四
"Bu köprüden çok korkuyorum anne, gitme"Etraf sis olduğundan annemi seçmek zordu. Gittikçe gözden kayboluyordu.
Bir dakika anne mi?
Benim annem yok ki.
Peki, neresi burası şimdi?
Oh, Minho mu o?
Baba?
Babamın burada ne işi var?
Minho silahını çıkartıyor ve bişeyler mırıldanıyor. Ancak her zaman giydiği takımın içindeki beyaz gömleği artık beyaz değil, kırmızı.
Ben burada ne arıyorum?
Bir silah sesi bulunduğumuz depoda yankılanıyor. Kendi çığlığımı sadece ben duyuyorum. Kimse beni duymuyor. Durmadan ağlıyorum. Ama sanırım şimdi birisi duydu.
"Hyunjin-ah artık uyanmalısın."
Bir anda sıçrayarak uyandığımdan Felix de korkmuş olacak ki yerinde sıçradı. Birkaç saniye rüyanın etkisinden çıkmak için derin nefes alıp verdim. Felix'in sesi ile kendime geldim.
"İyi misin?" Başımı sallamakla yetindim, konuşamayacak gibi hissediyordum. Az önce gördüklerim rüya değildi sanki. Önceden yaşanmış ama benim unuttuğum bir anı gibiydi.
"Az önce Jisung geldi. Efendi Minho ile şirkete gitmen lazımmış. Hazırlanman gerketiğini söyledi. Uyanmayınca ben uyandırırım diyip yolladım."
Şuan neden beni şirkete götürdüğünü bile düşünmeden söyleneni yapmayı tercih ettim. Lavabodan döndüğümde Felix'in benim için hazırladığı kıyafetleri giydim. Güzel bir tarzı vardır ona güveniyorum. Zaten kıyafet seçebileceğimi de düşünmüyordum. Felix'i ve endişeli gözlerini odada bıraktım ve aşşağıdaki arabaya bindim.
Bu sefer 2 araba ilerliyordu. Minho, öndeki arabadaydı. Yol boyunca sessizdim. Tek düşündüğüm Minho'nun rüyamdaki haliydi.
Kapı açılınca, kafamı cama yasladığımdan dolayı düşmemek için kenara tutundum. Beklemeden arabadan indim ve görkemli şirket binasına baktım. Zaten yakuzalar zengin olurlar ve aile şirketleri olur yani hiç şaşmaz. Japonya'da yüksek binaların olduğunu biliyorum da bu bina yüksek kategorisine değilde gökdelen kategorisine giriyor sanırım. Fazla yüksek.
Şirket dediler ama Business Tower'a değilde Tokyo'nun en yüksek gökdeleninin kapısından içeri girdiler. Güzel sanatlar fakültesinde okuyor olabilirim ama genel kültürüm iyidir ve tabikide burayı biliyorum. Girdikleri bina Toranomon Hills ve 52 katlı?
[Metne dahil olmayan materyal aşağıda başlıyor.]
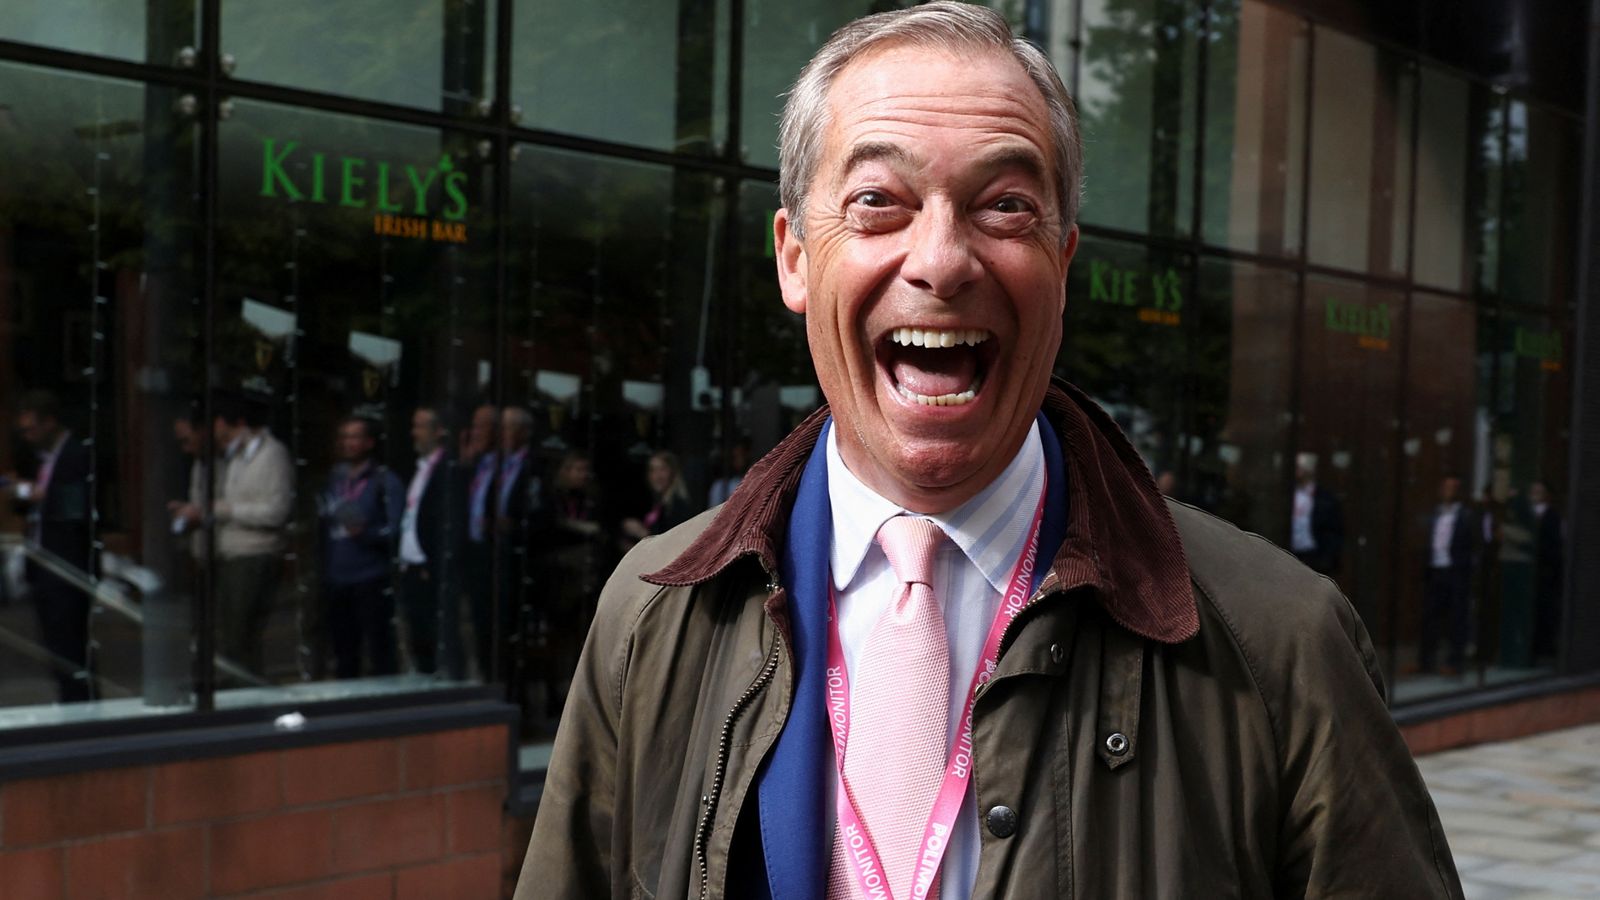 Nigel Farage giving 'very serious consideration' to joining I'm A Celeb - and will make a decision in the next 48 hours
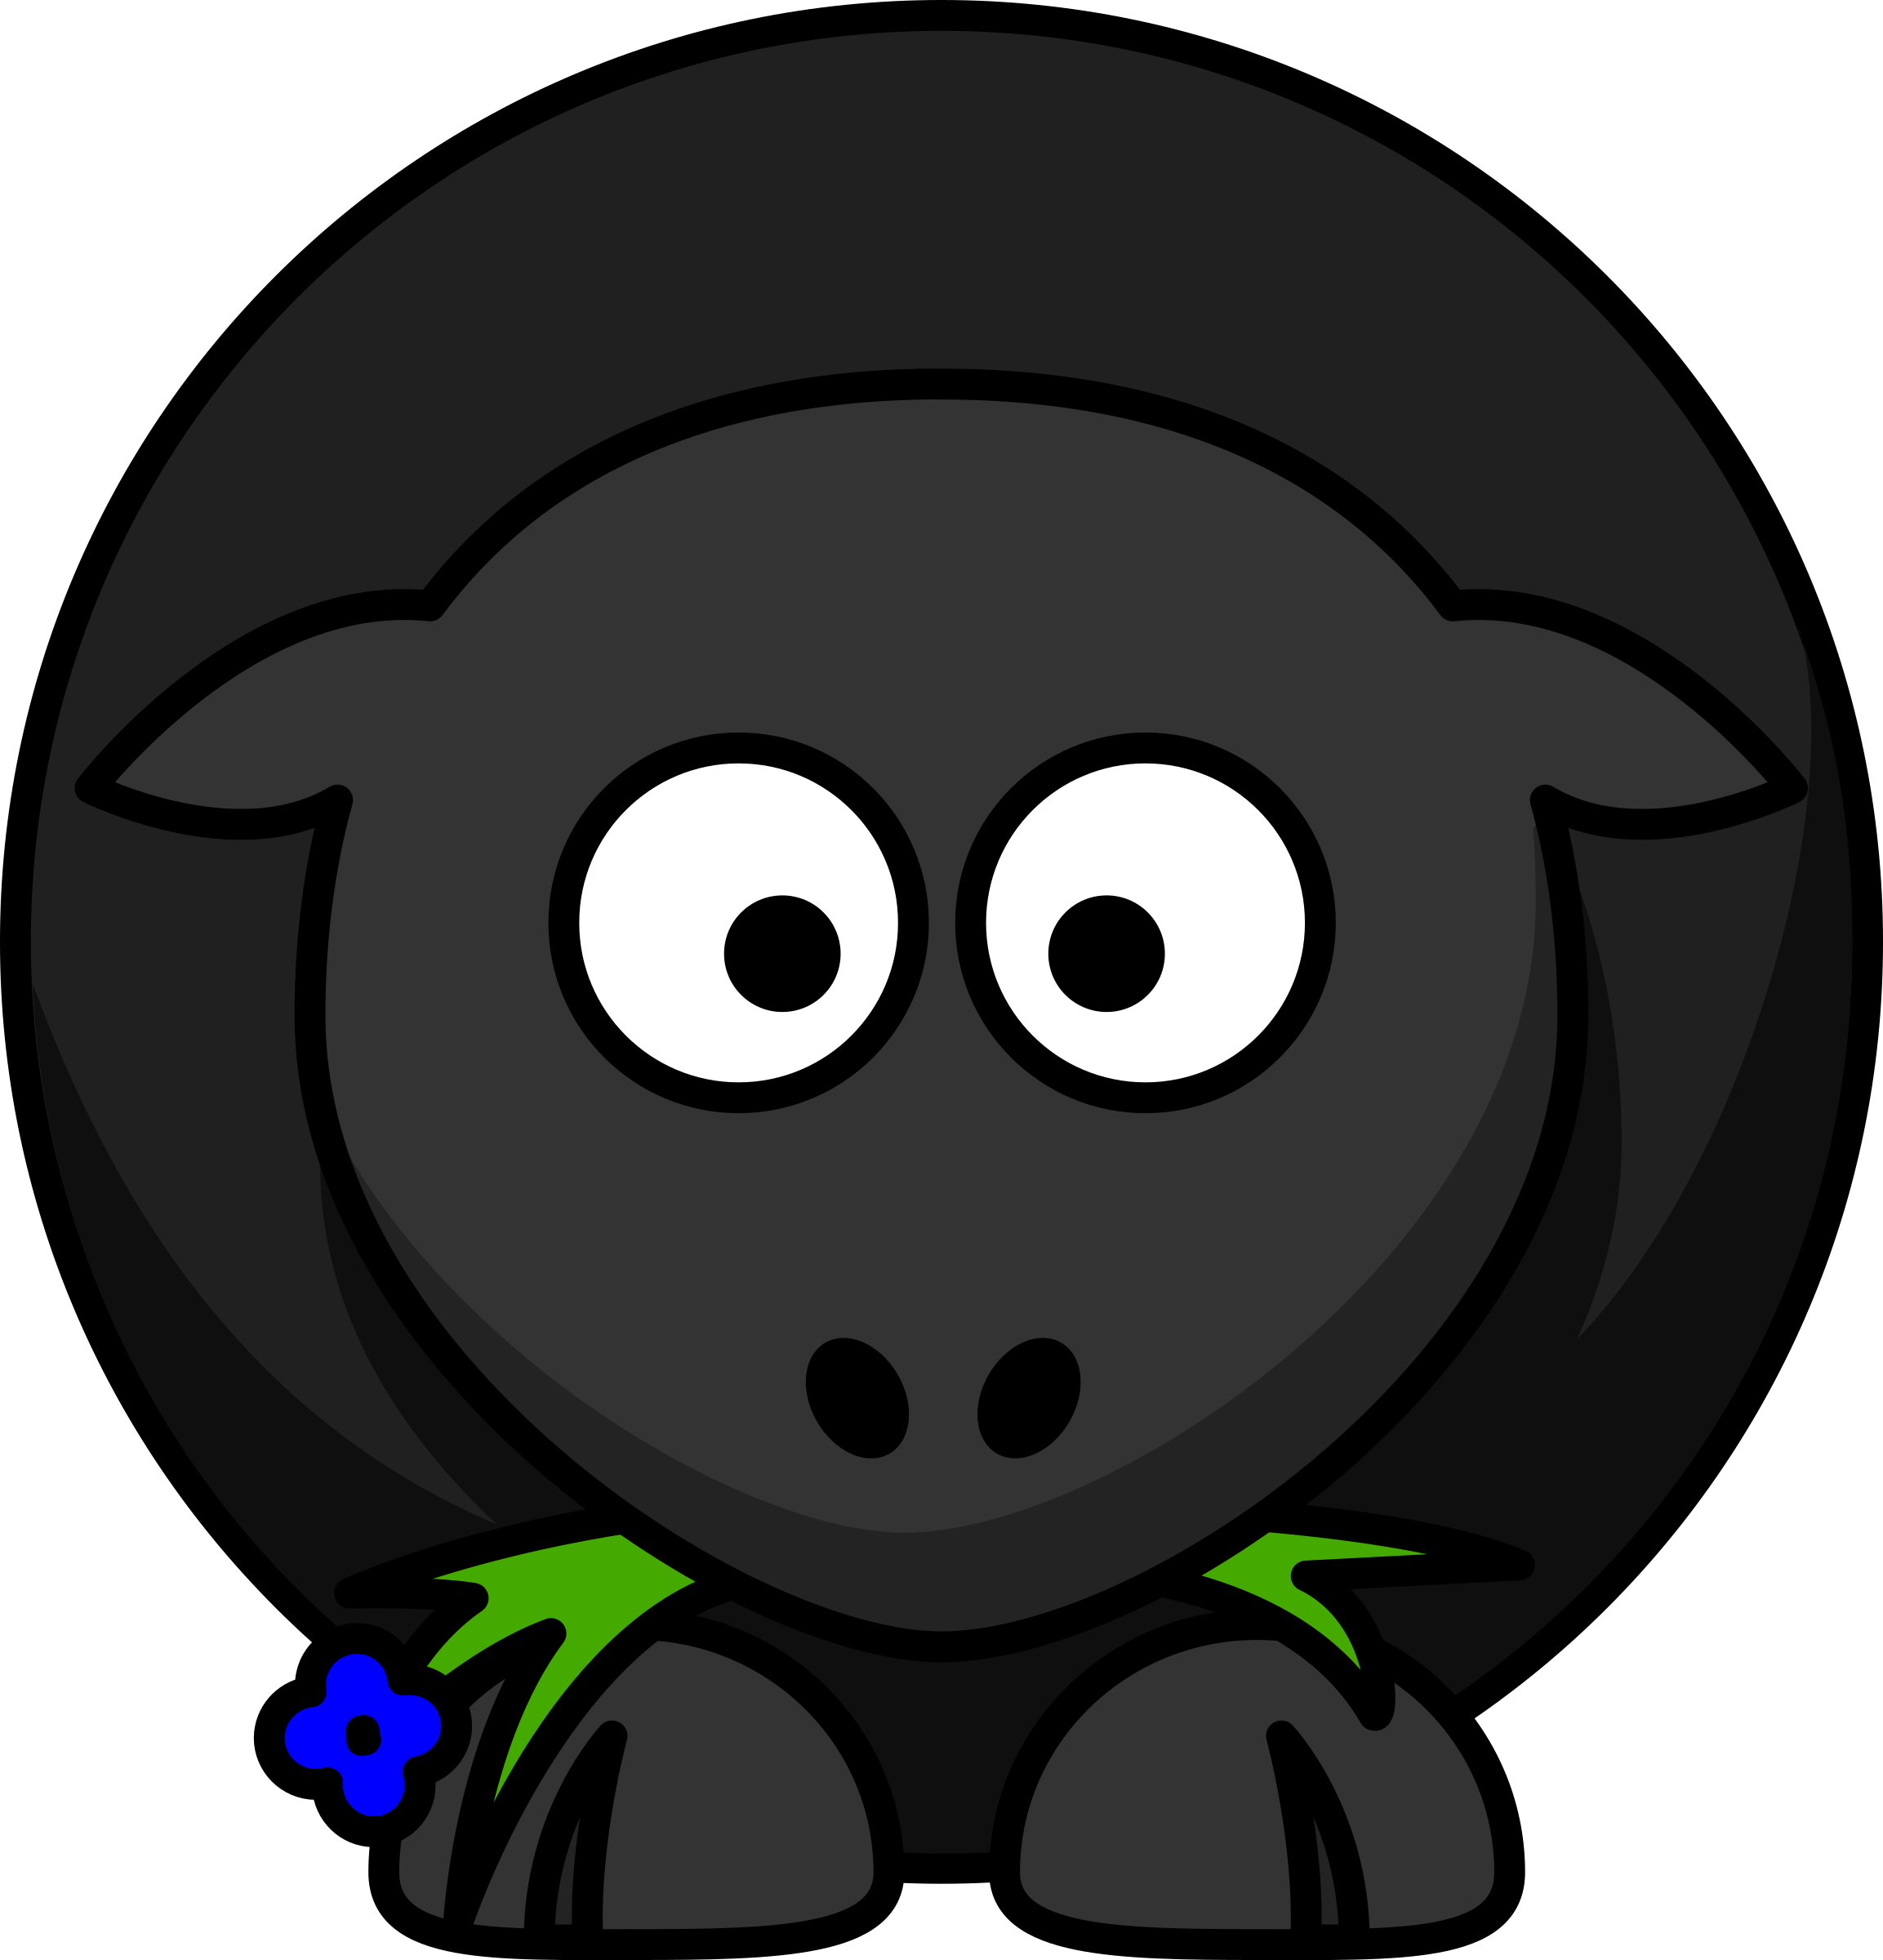 Clipart of Young Black Sheep

Hyunjin, bunun genel kültür ile alakası yok sen Japonya'yı çok seviyorsun hatta japon biri ile evlenmenin hayalini kuruyordun.
Kendi kendime itirafta bulunurken çoktan 50 kişilik asansöre binmiştim bile. İyide Rezidansda ne işimiz var. Minho en önde korumaları hemen onun arkasında bende en en arkada duruyordum. Aynayla bakışarak Minho'yu kesmeye çalışıyordum. Bırak Minho'yu asansörün kapısı bile gözükmüyor.
Bir süre sonra asansörde bir kadının sesi yankılandı "Private 58th Floor, Welcome Sir"
Bu bina 52 katlı değil miydi, nasıl 58. katta olabiliriz??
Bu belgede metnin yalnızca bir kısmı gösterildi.